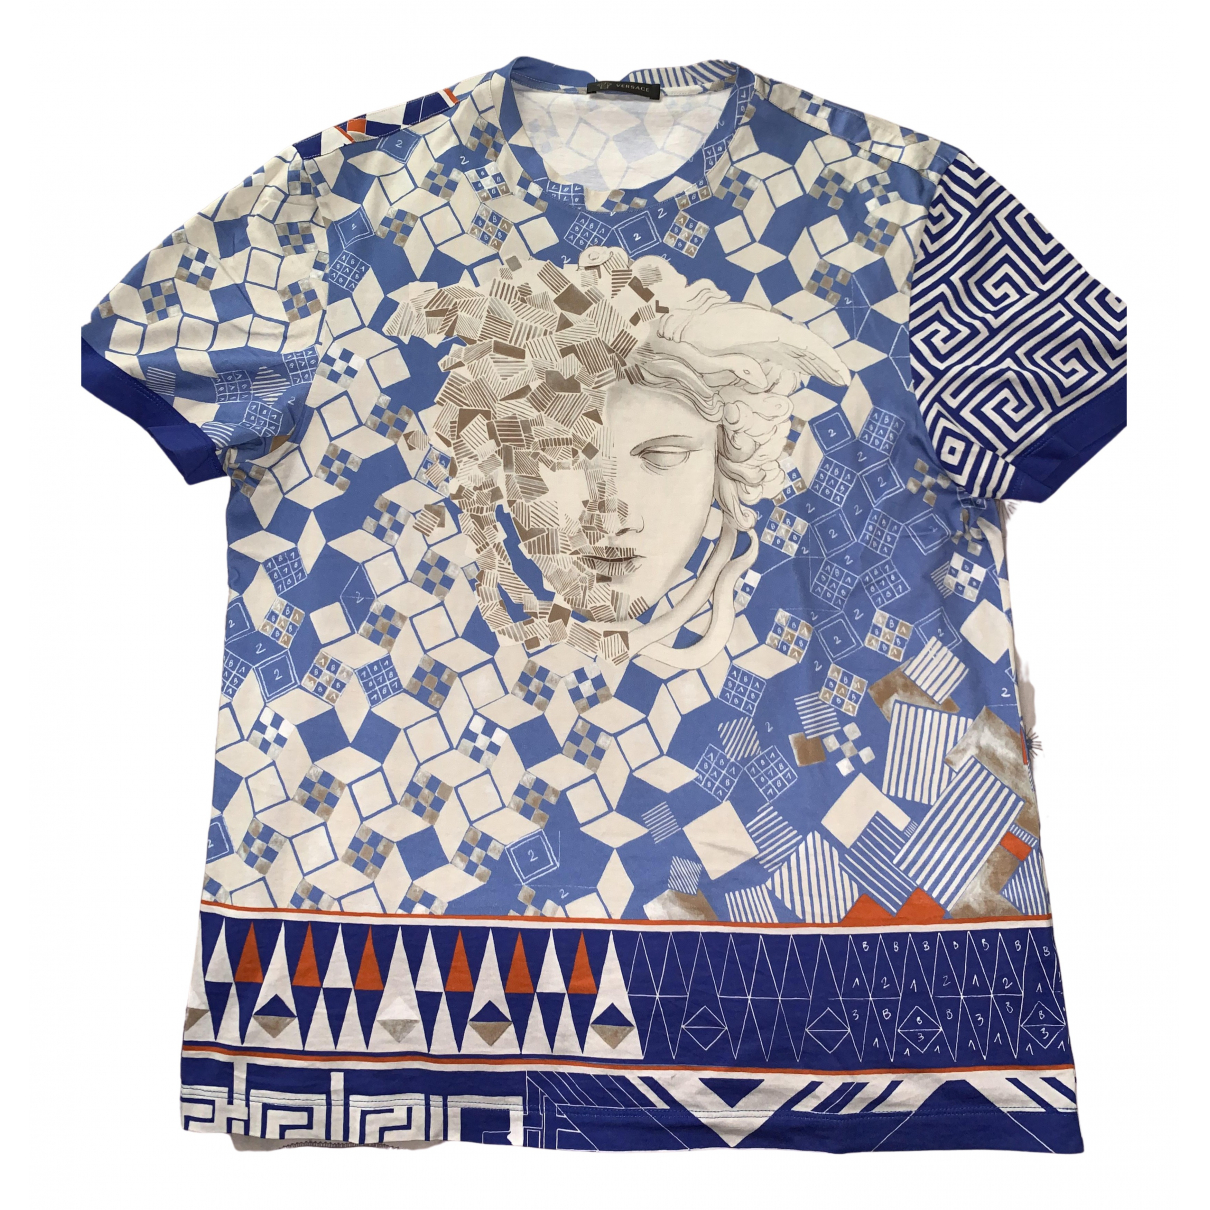 Versace - Tee shirts   pour homme en coton - bleu
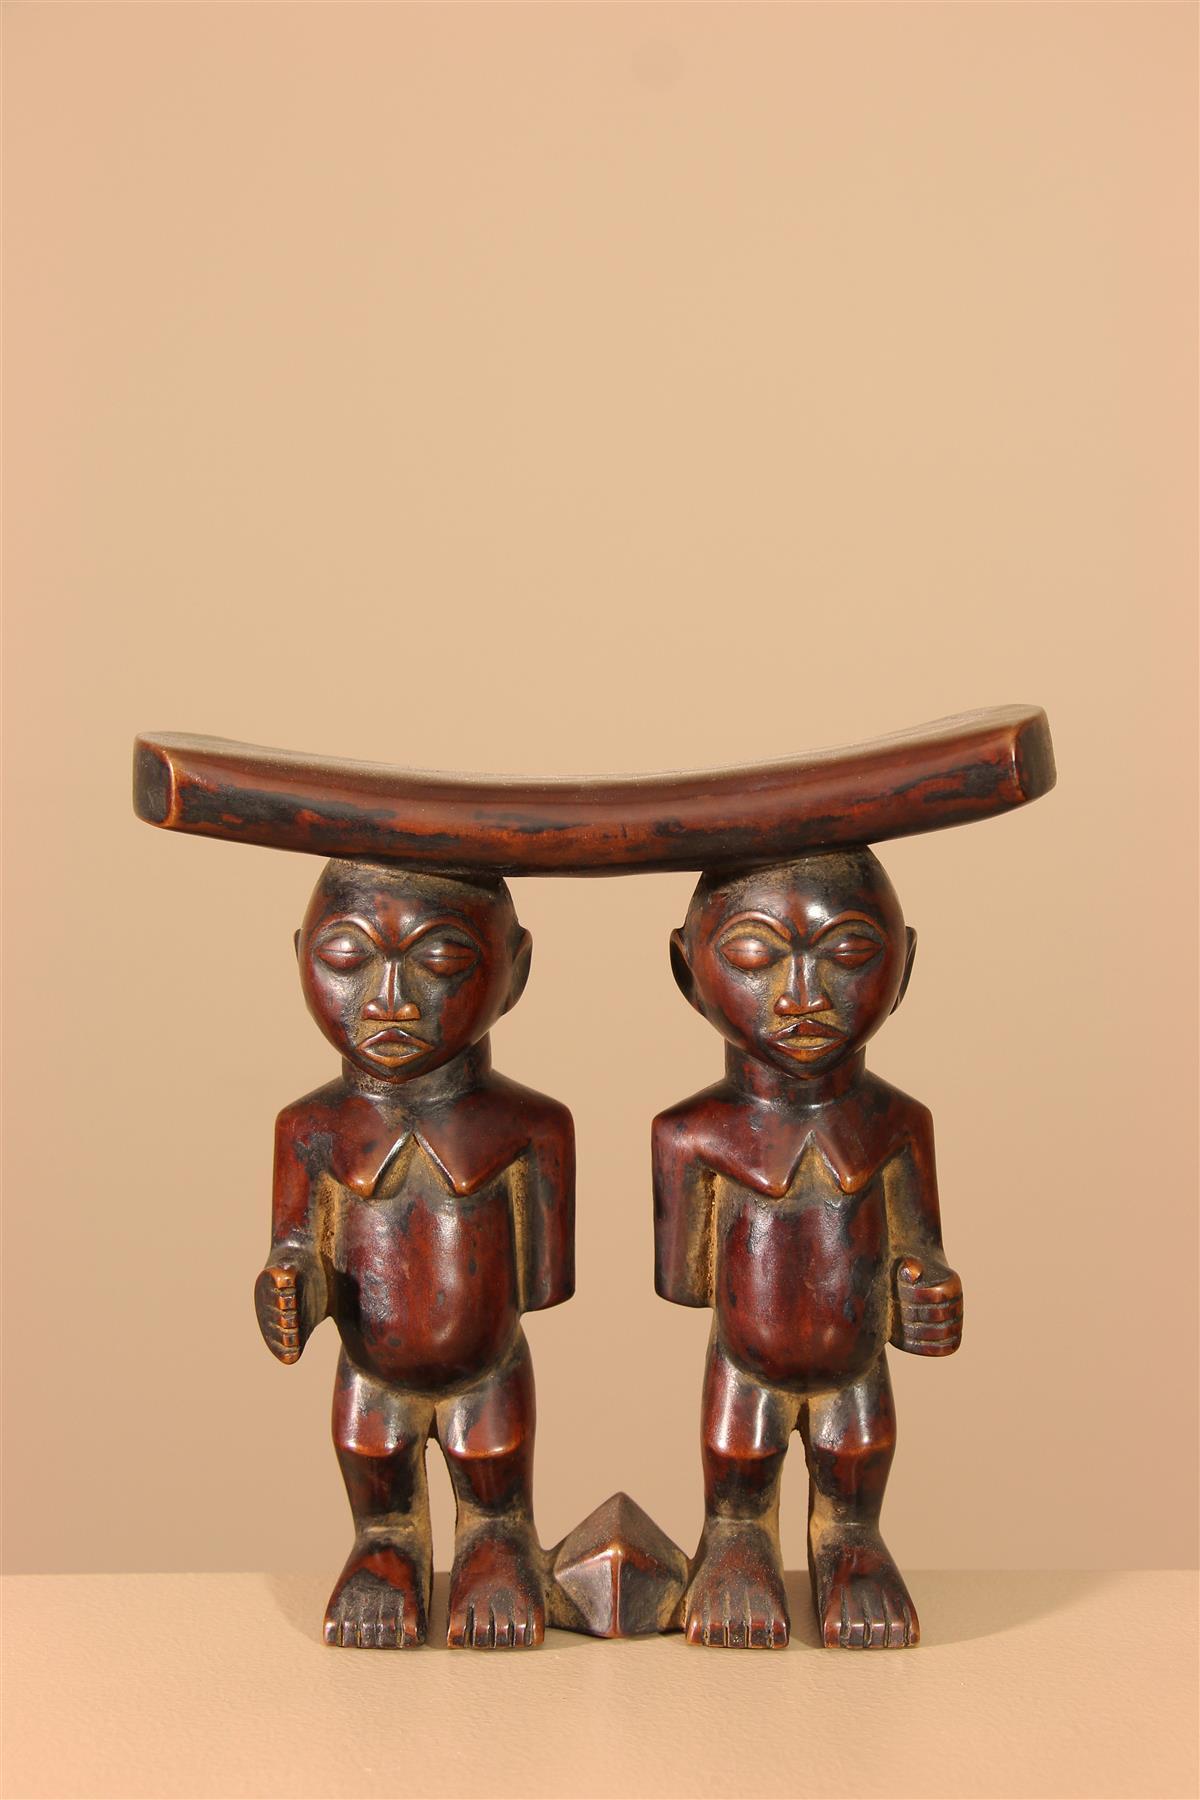 Appuie-nuque tribal - Déco africaine - Art africain traditionnel
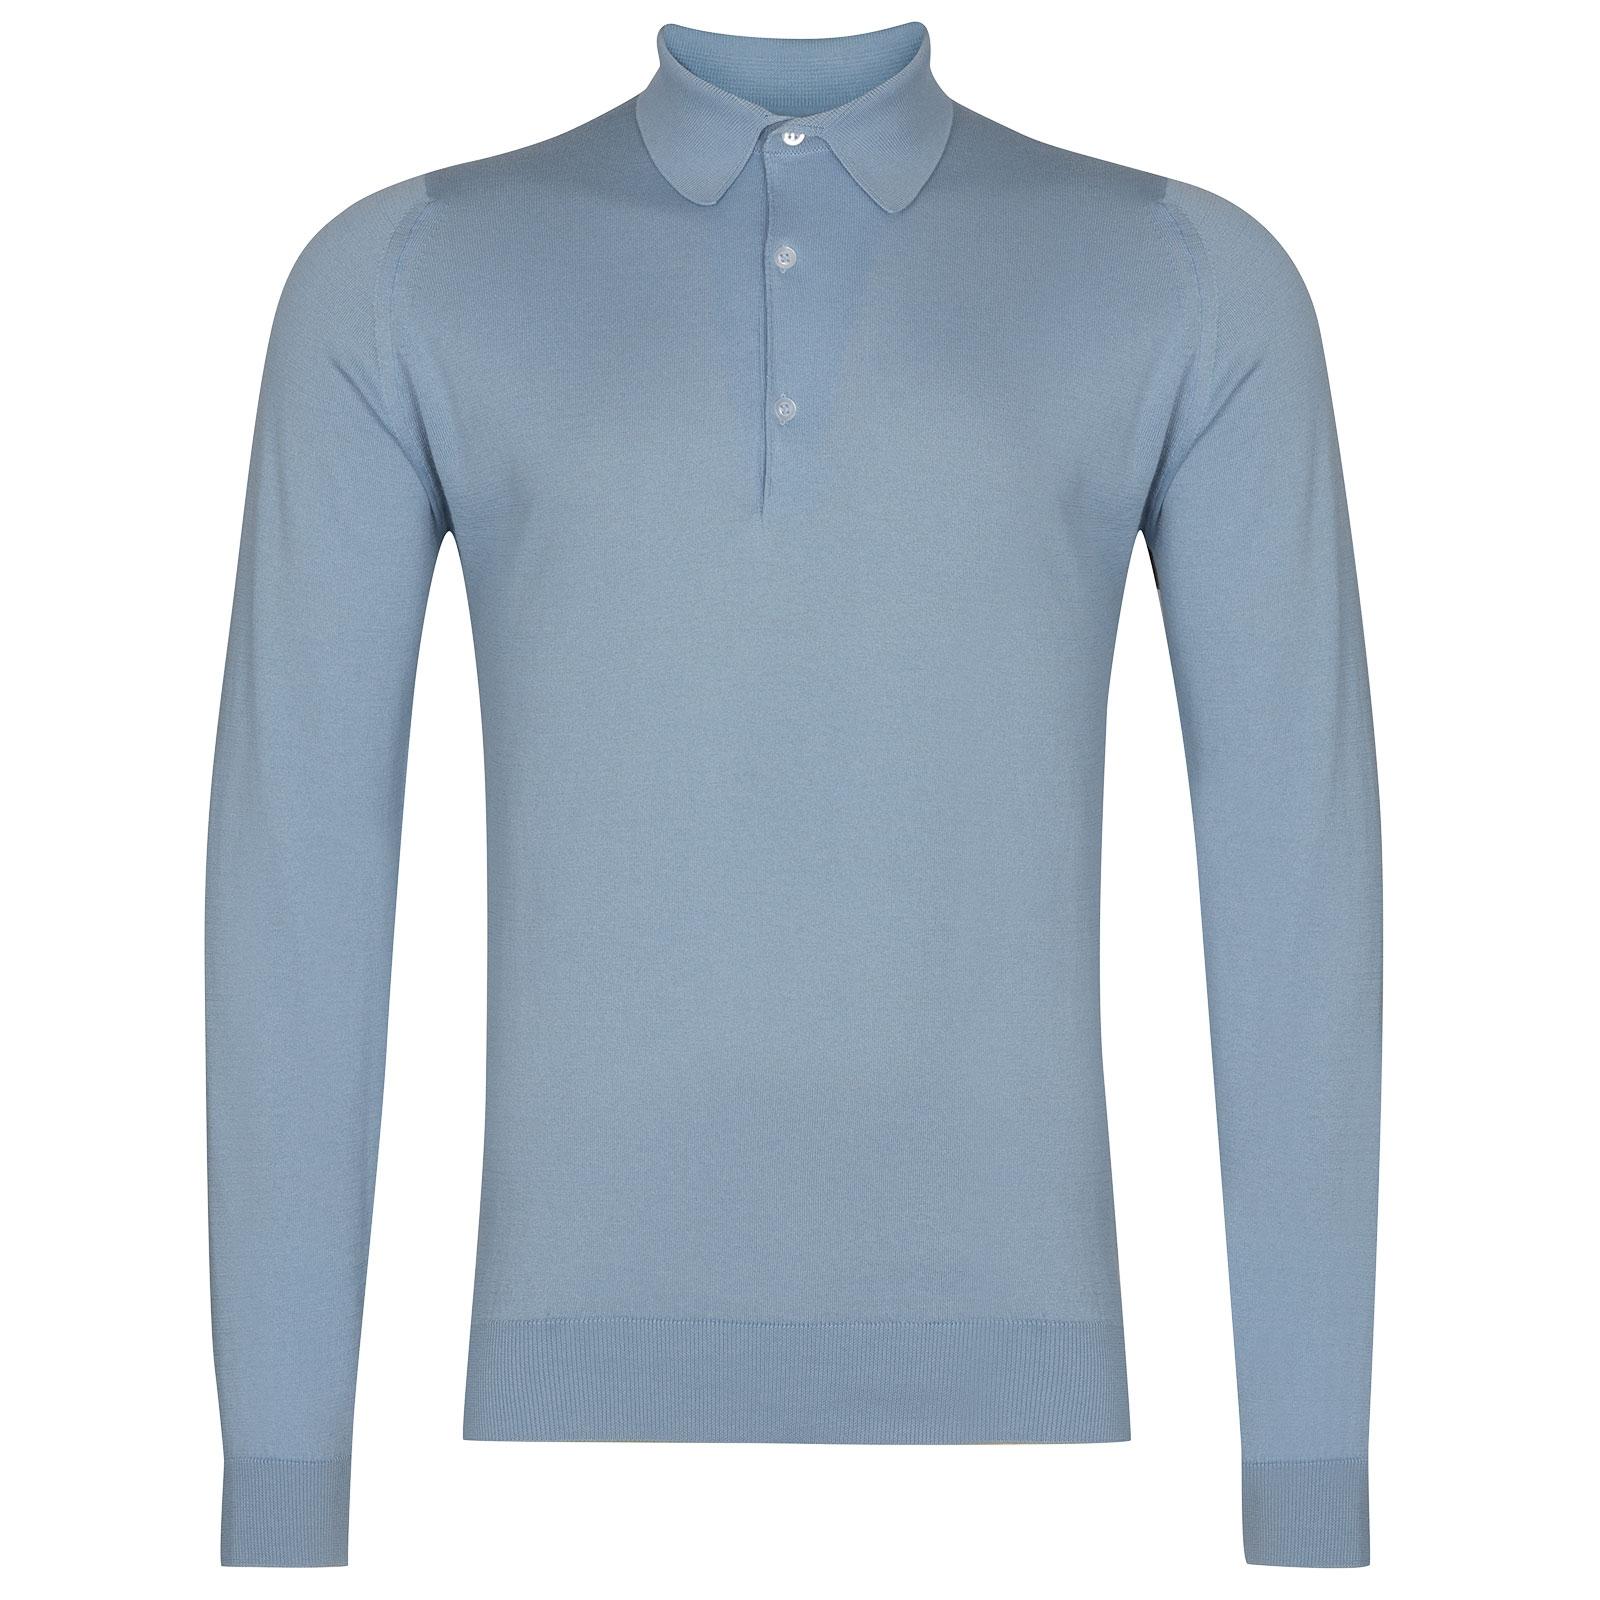 John Smedley Bradwell in Dusk Blue Shirt-XLG
....
Exercise:
Output all the material exactly. The pictures are to be left out.

Solution to the problem:
 Versace - Tee shirts   pour homme en coton - bleu
 Appuie-nuque tribal - Déco africaine - Art africain traditionnel
 John Smedley Bradwell in Dusk Blue Shirt-XLG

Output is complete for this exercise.